◆ What to work on ◆
Once the line holding "Intii 電磁波干渉防止シート スマホ専用" is found, output it and all remaining lines of the data exactly, with every picture left out.

◆ Data excerpt ◆

+ + + + + + +

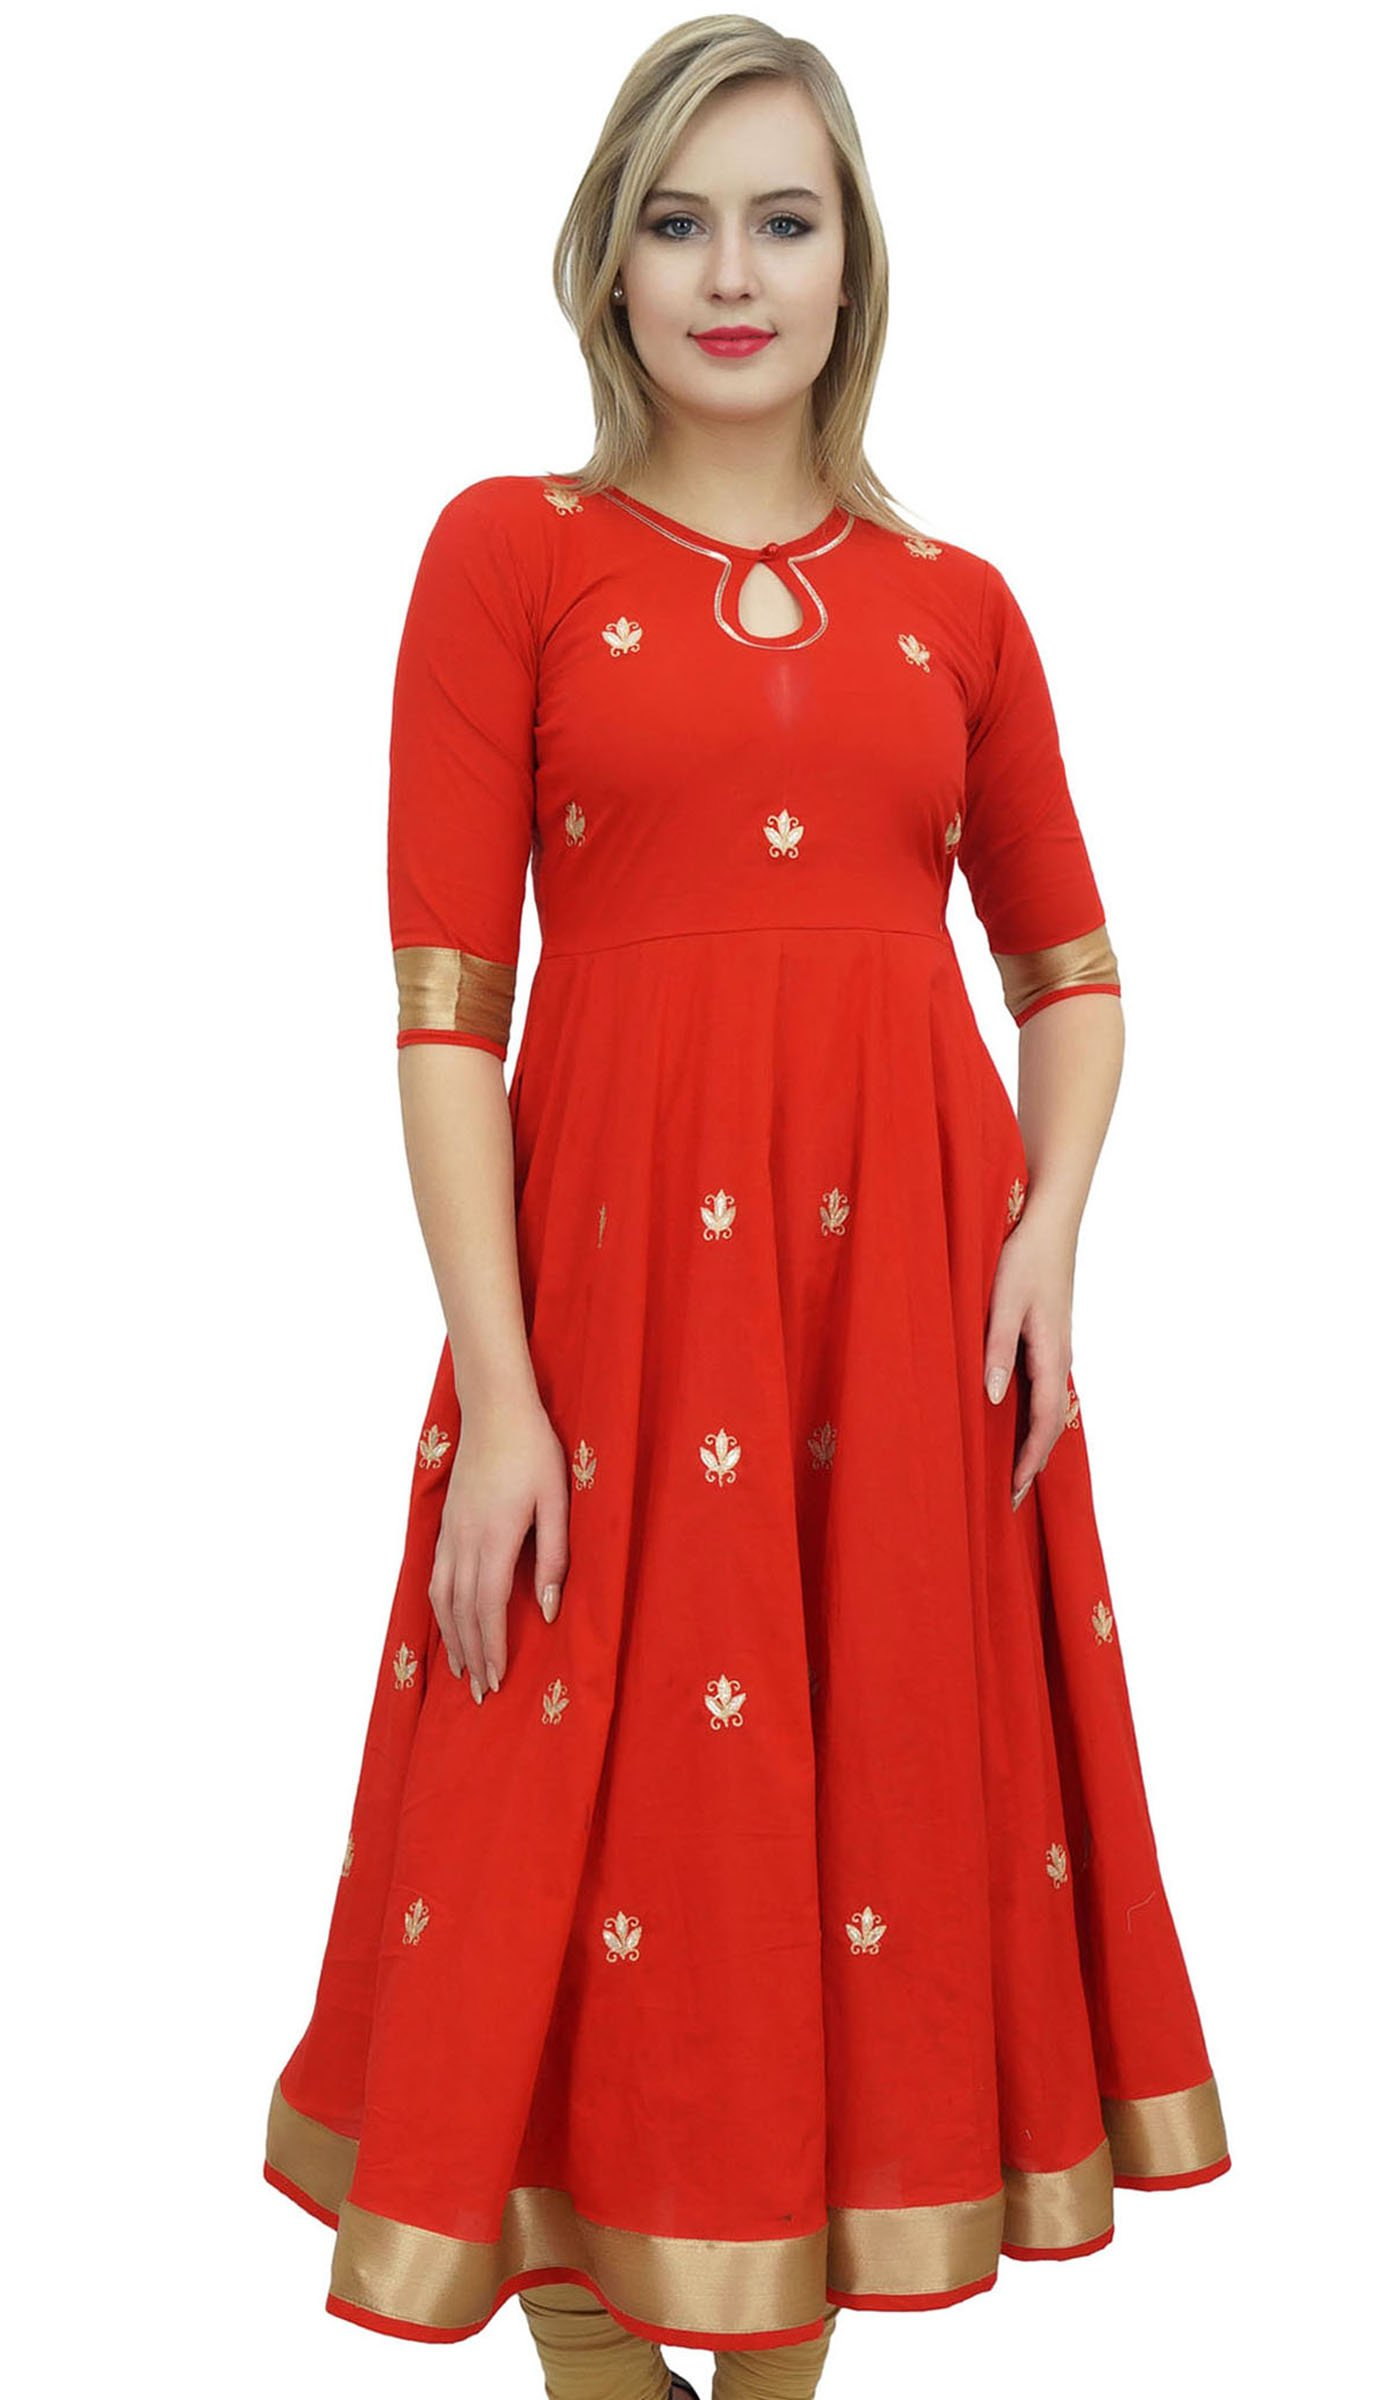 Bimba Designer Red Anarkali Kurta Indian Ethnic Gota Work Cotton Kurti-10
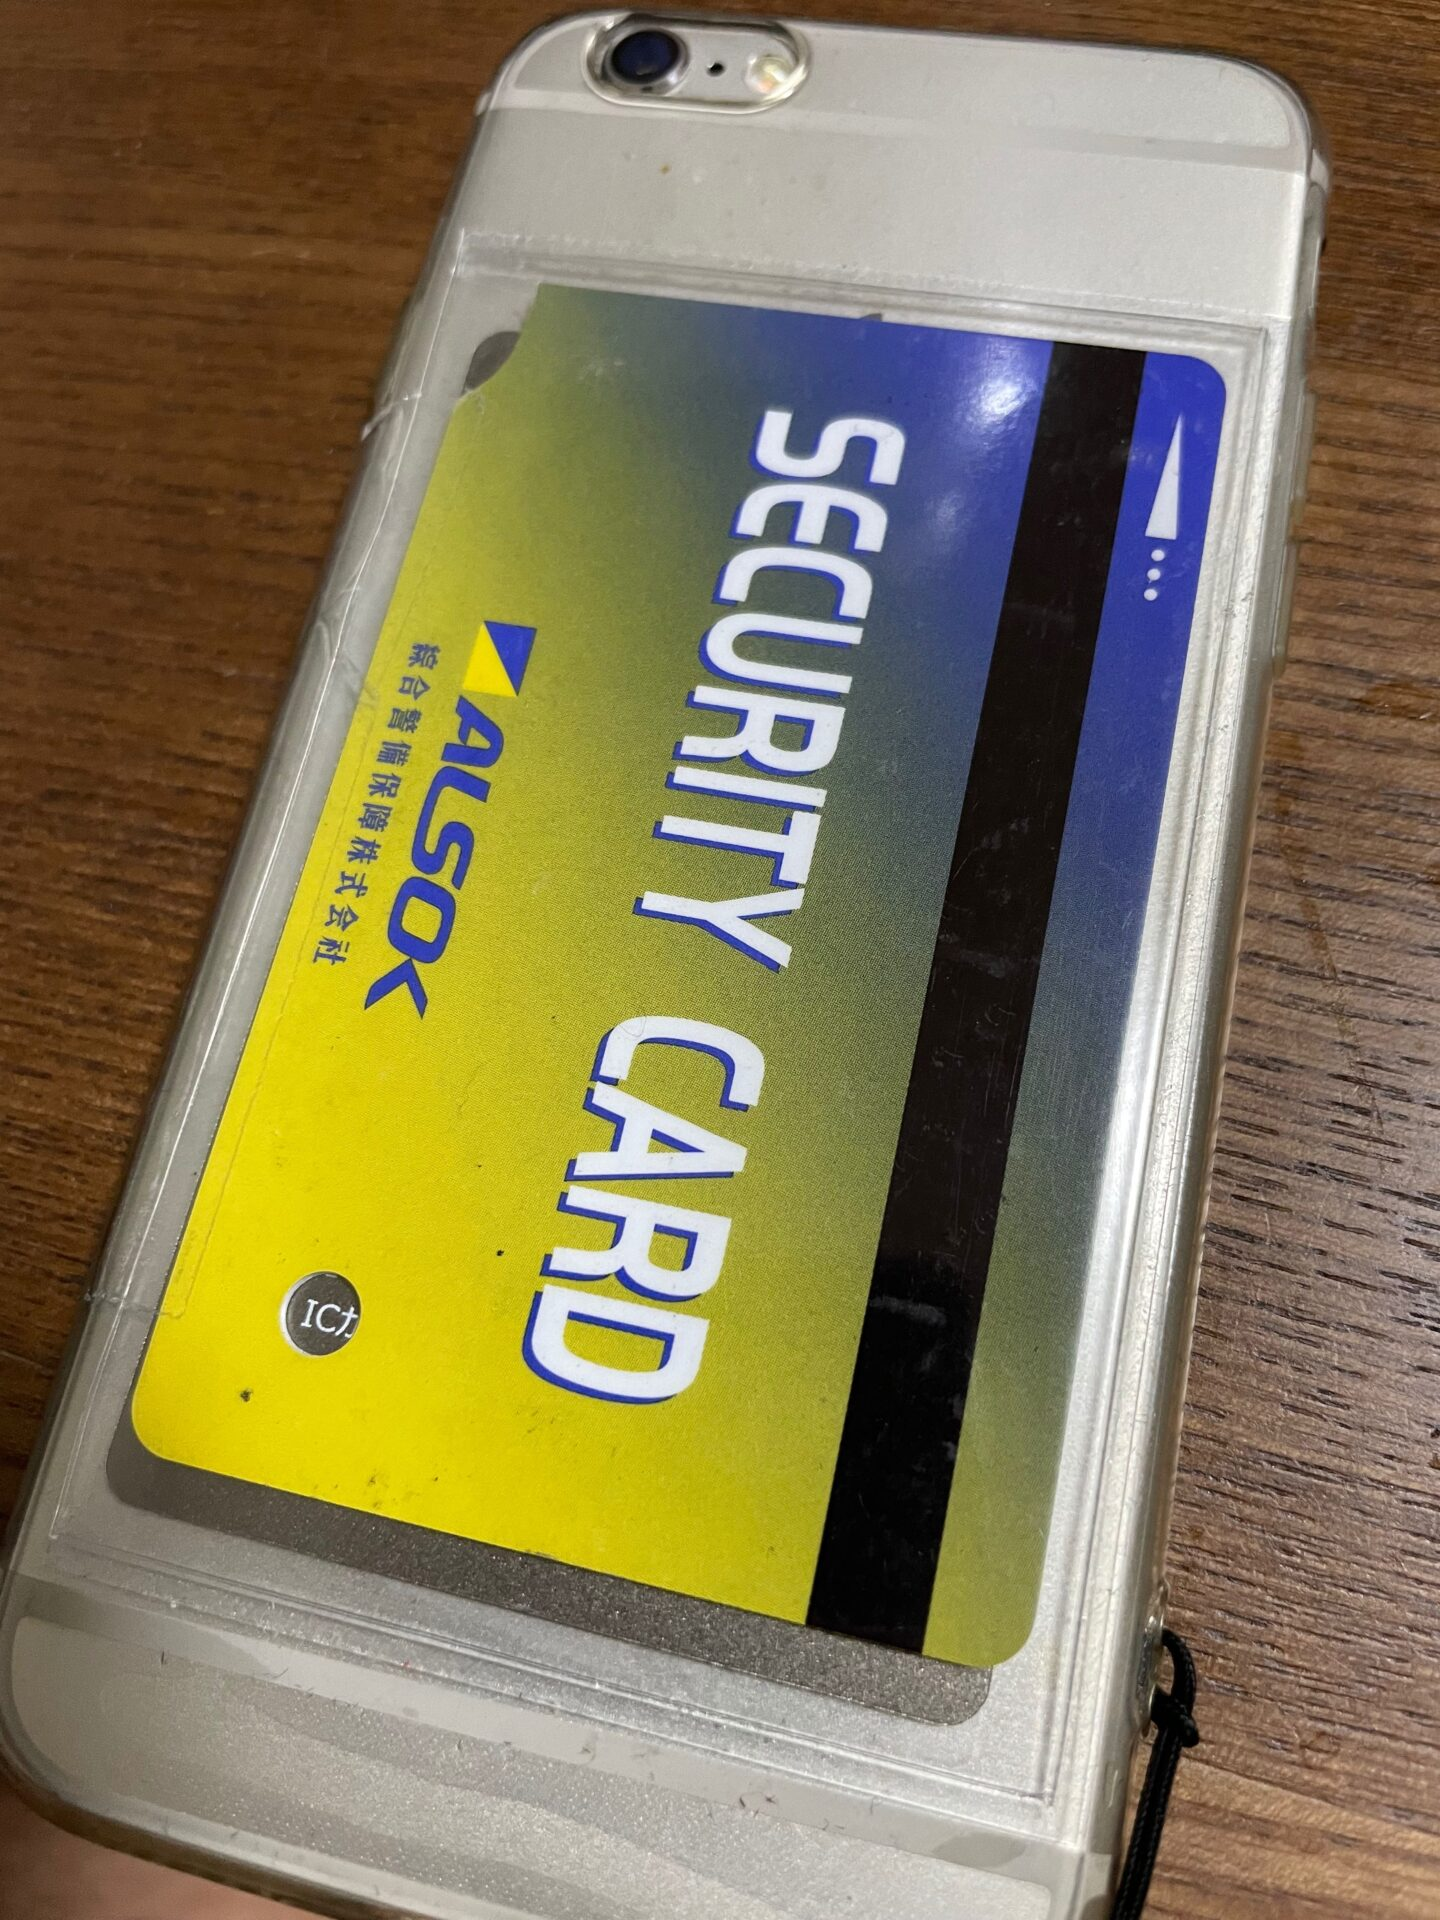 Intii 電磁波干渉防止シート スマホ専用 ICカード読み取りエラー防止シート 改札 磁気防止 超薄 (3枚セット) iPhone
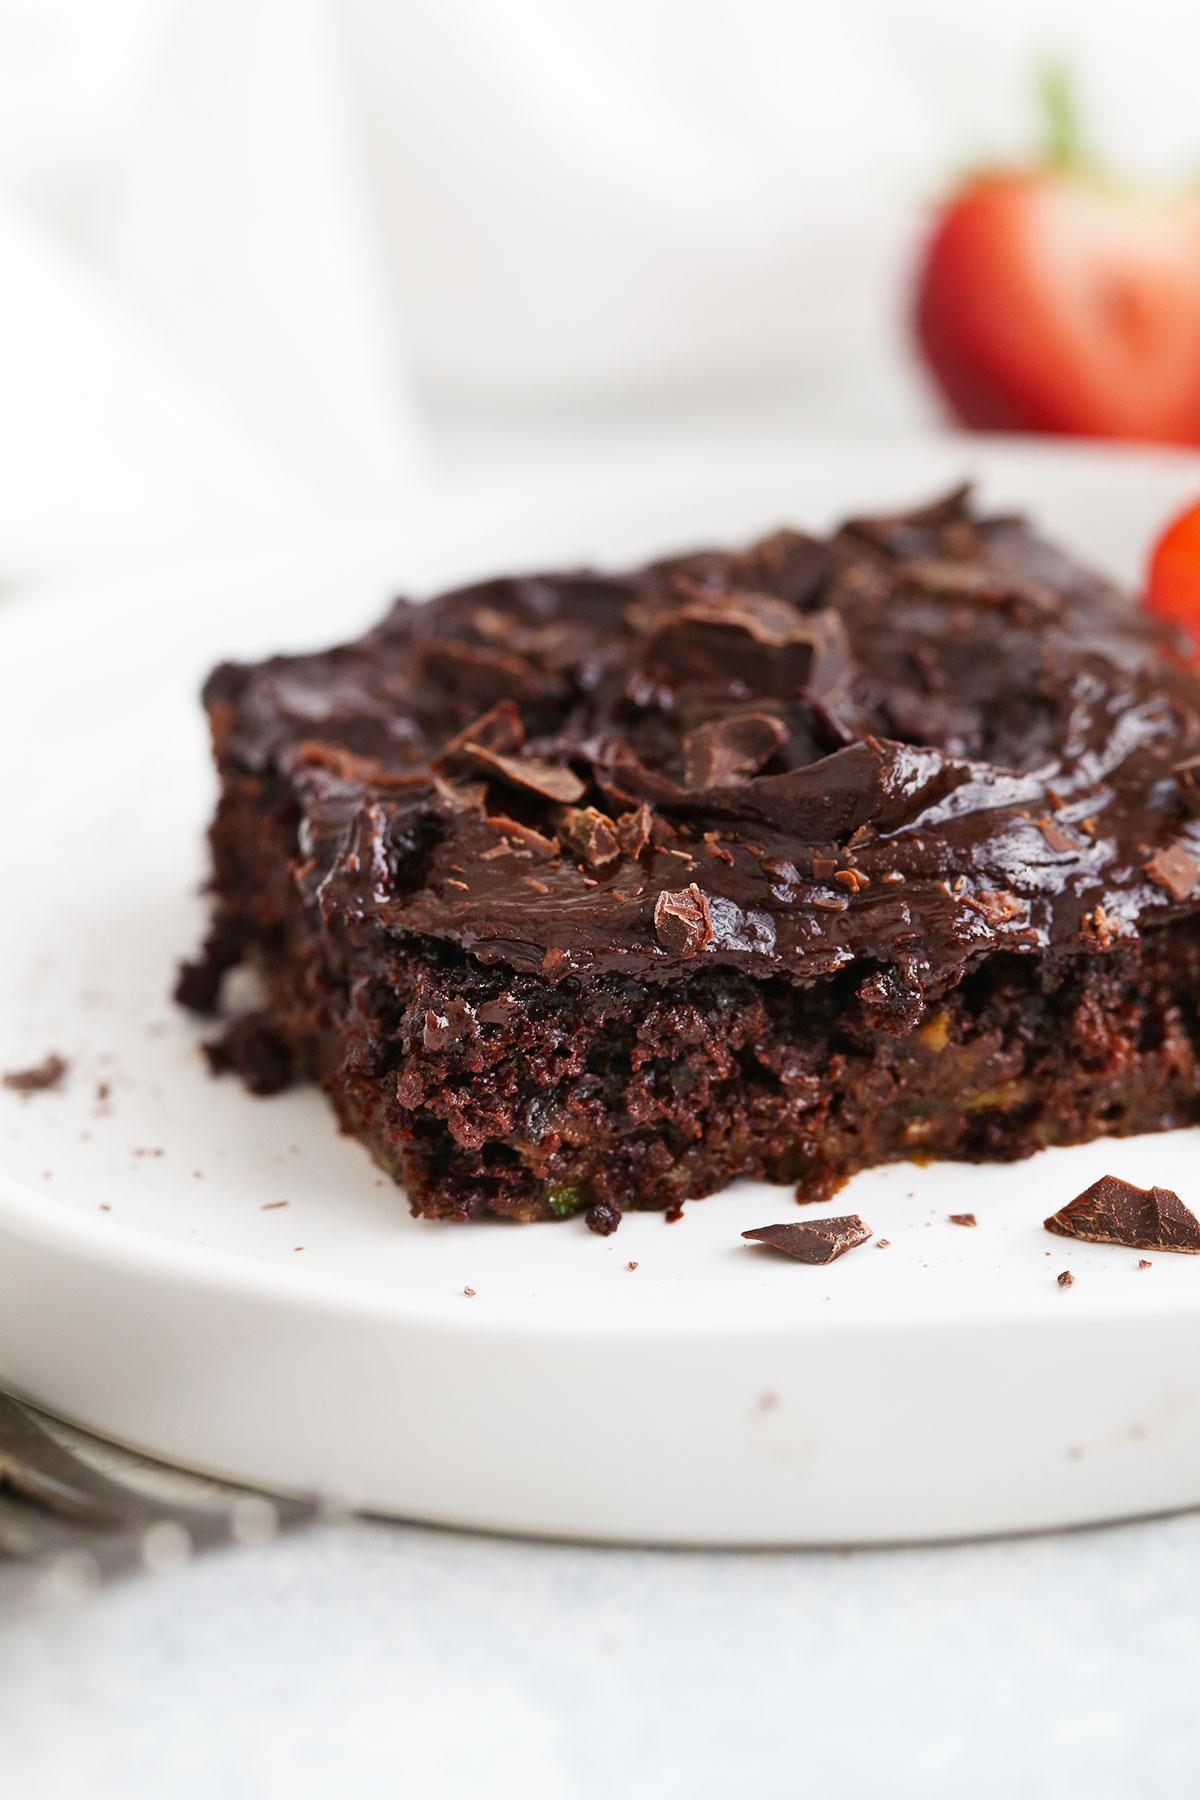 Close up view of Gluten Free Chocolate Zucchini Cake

+ + + + + + +

◆ Worked solution ◆
 Intii 電磁波干渉防止シート スマホ専用 ICカード読み取りエラー防止シート 改札 磁気防止 超薄 (3枚セット) iPhone
 Close up view of Gluten Free Chocolate Zucchini Cake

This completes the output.